I got all my actuators and most of the switches from rockerswitchpros (dotcom) and newwiremarine (dotcom). I believe they are the same company. I designed it myself using their online actuator designer thing. It wasn't hard. I have a twin engine boat, but consolidated both no wake switches into one. The switch is a double pole, double throw momentary switch. I had to wire in a resistor because I was getting check engine codes. I have a post out there for that learning experience.

And that is exactly what that thing is. It uses the same footprint as the switches, but its a little volt meter with two USB ports for charging. I wanted a volt meter or battery level indicator, but didn't know where to mount it. Then I found that thing on eBay. Bingo.

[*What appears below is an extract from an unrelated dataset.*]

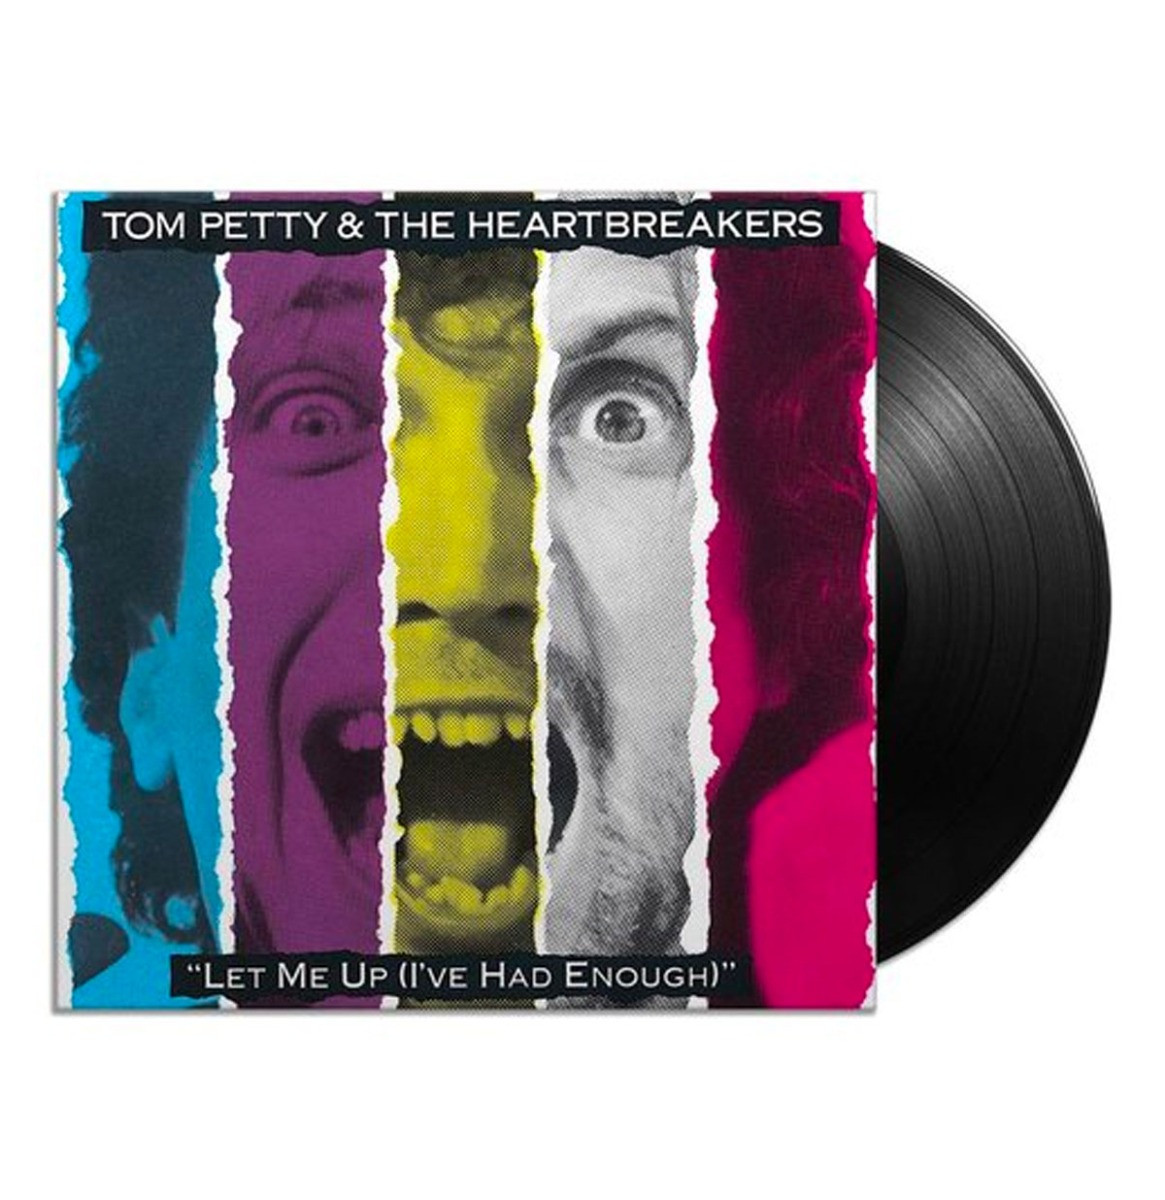 Tom Petty & The Heartbreakers - "Let Me Up (I&apos;ve Had Enough)" LP

The stuff through newwire/rockerswitchpros might not be the cheapest, but they do a really good job, have a great selection, have an extremely knowledgeable staff (who can help with your wiring or send you diagrams), and their customer service is awesome (they sent the wrong part, but they went above and beyond when remedying the situation). I used them for my last boat switches, too. I'd recommend them! They'd probably entertain some sort of group buy discount, or perhaps a permanent JB discount. Not sure who is in charge of the marketing or promotion for creating partnerships with this site and outside companies, but that might be a beneficial one!
 
I got all my actuators and most of the switches from rockerswitchpros (dotcom) I designed it myself using their online actuator designer thing. It wasn't hard.
I've been purchasing Carling switches and actuators for years but didn't know about that vendor and their online customer designer thing is great! Thanks for the info.
I have a twin engine boat, but consolidated both no wake switches into one. The switch is a double pole, double throw momentary switch. I had to wire in a resistor because I was getting check engine codes. I have a post out there for that learning experience.
I've often thought about combining the two No Wake switches but never followed through. I'll have to look for your other thread.

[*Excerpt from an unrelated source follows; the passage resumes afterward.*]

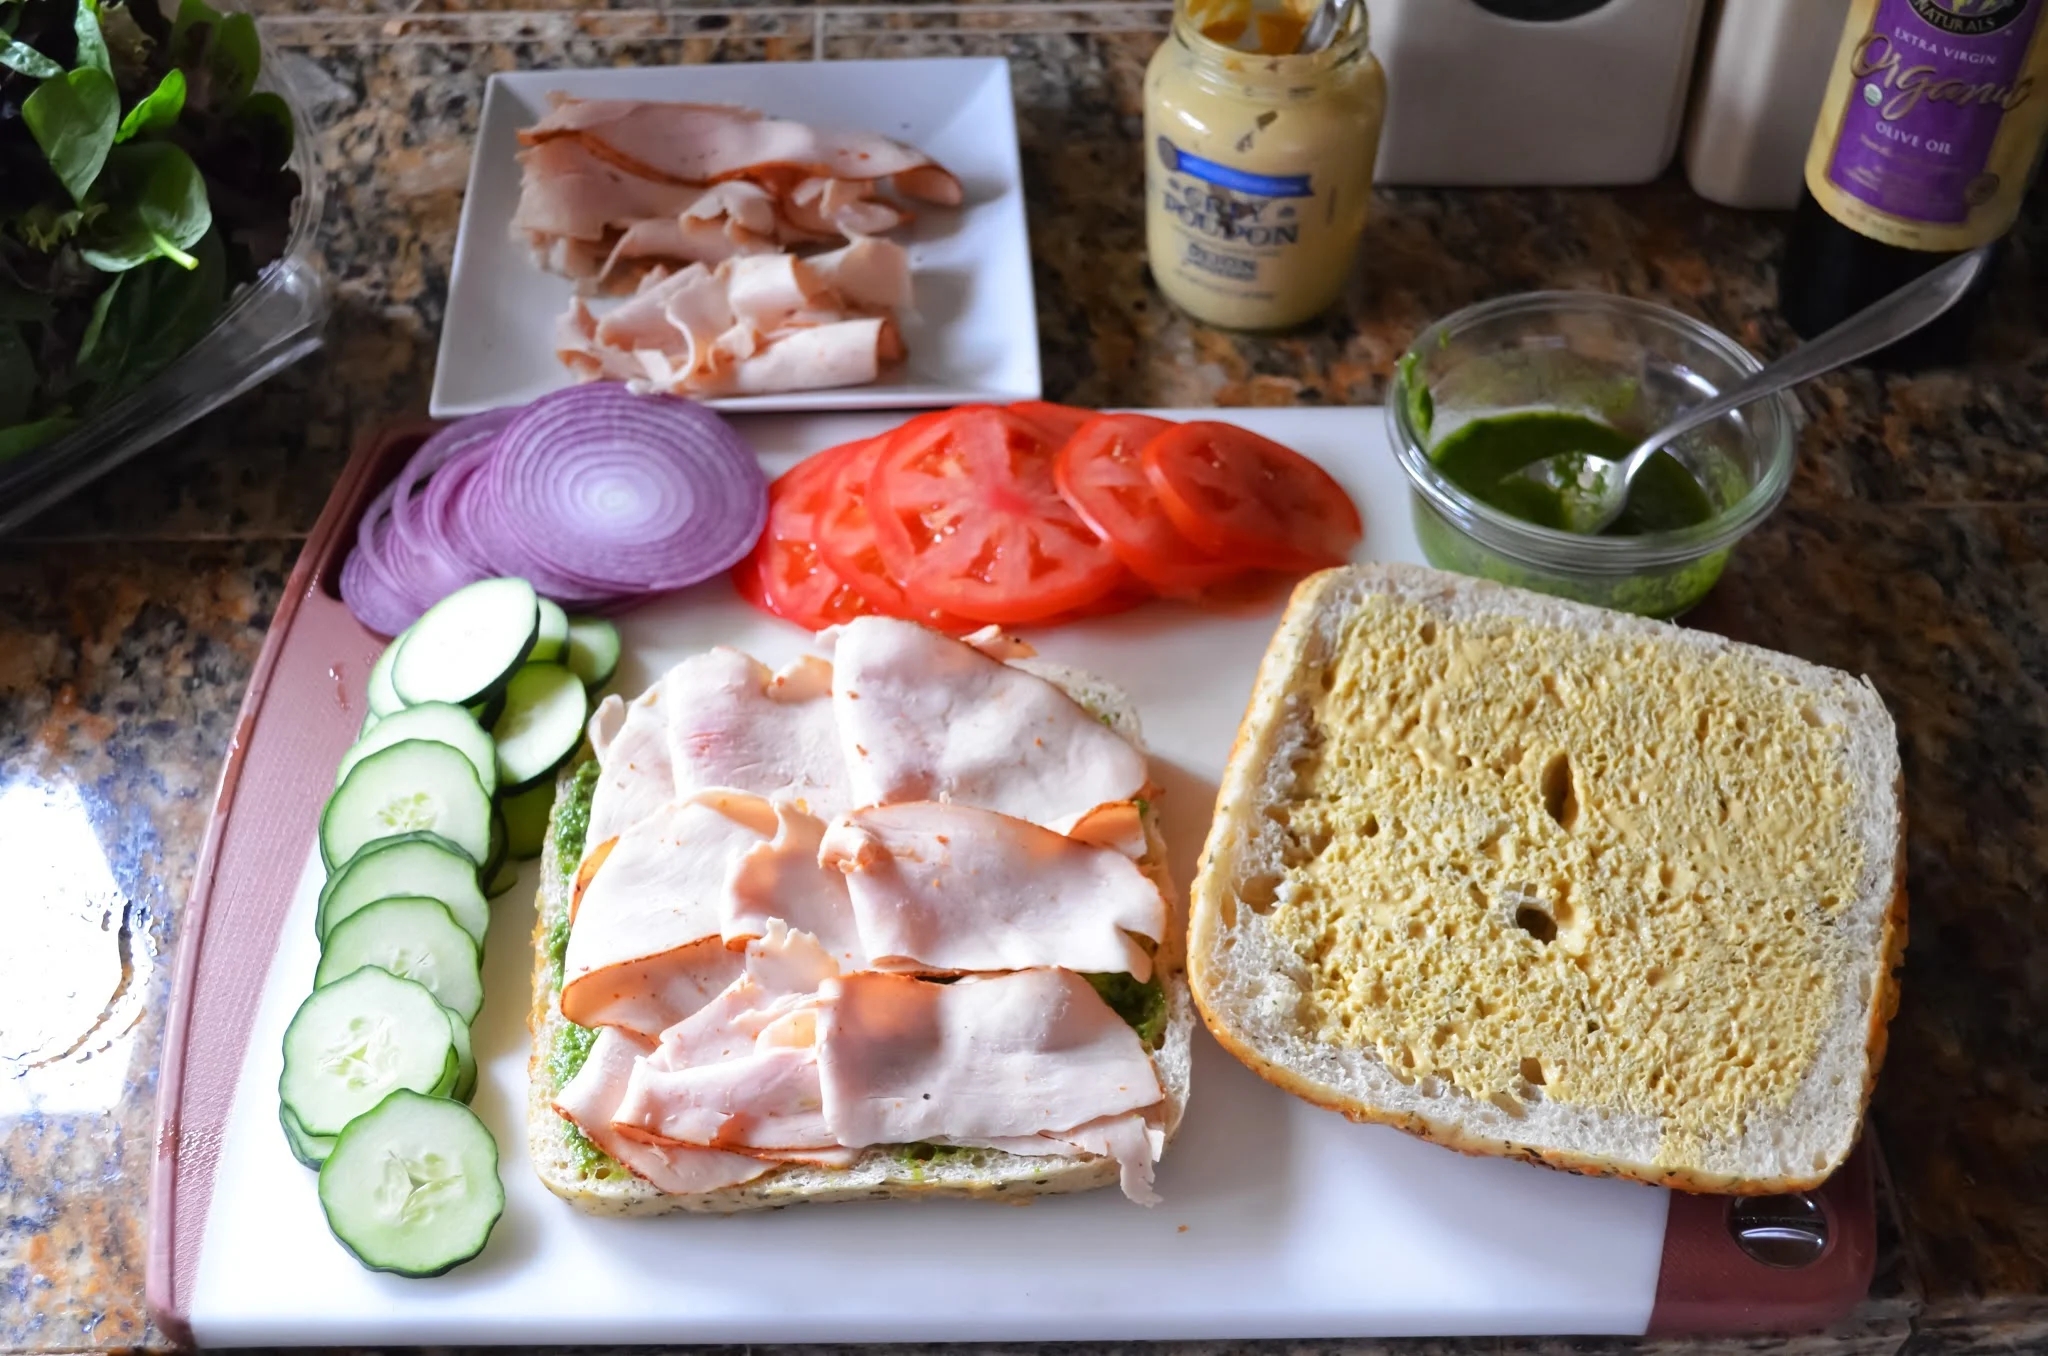 Turkey on top of pesto on focaccia bread with sliced cucumber, red onion and tomato on a white cutting board.

And that is exactly what that thing is. It uses the same footprint as the switches, but its a little volt meter with two USB ports for charging. I wanted a volt meter or battery level indicator, but didn't know where to mount it. Then I found that thing on eBay.
Got a link?
 
I've been purchasing Carling switches and actuators for years but didn't know about that vendor and their online customer designer thing is great! Thanks for the info.

I've often thought about combining the two No Wake switches but never followed through. I'll have to look for your other thread.


Got a link?

If you change the no wake switch, you need a resistor. Read my thread. Let me know if you can't find it. If you're real serious about doing it, let me know because I have a few resistors left. I doubt I'm gonna do anything with them. We can work something out and I can send a few to you or something. But that requires me to find a stamp. Lol.

I don't have the link because it's been too long. It's been purged from my purchase history. I just typed in "USB voltmeter rocker" and saw a few, though. I think mine came from China.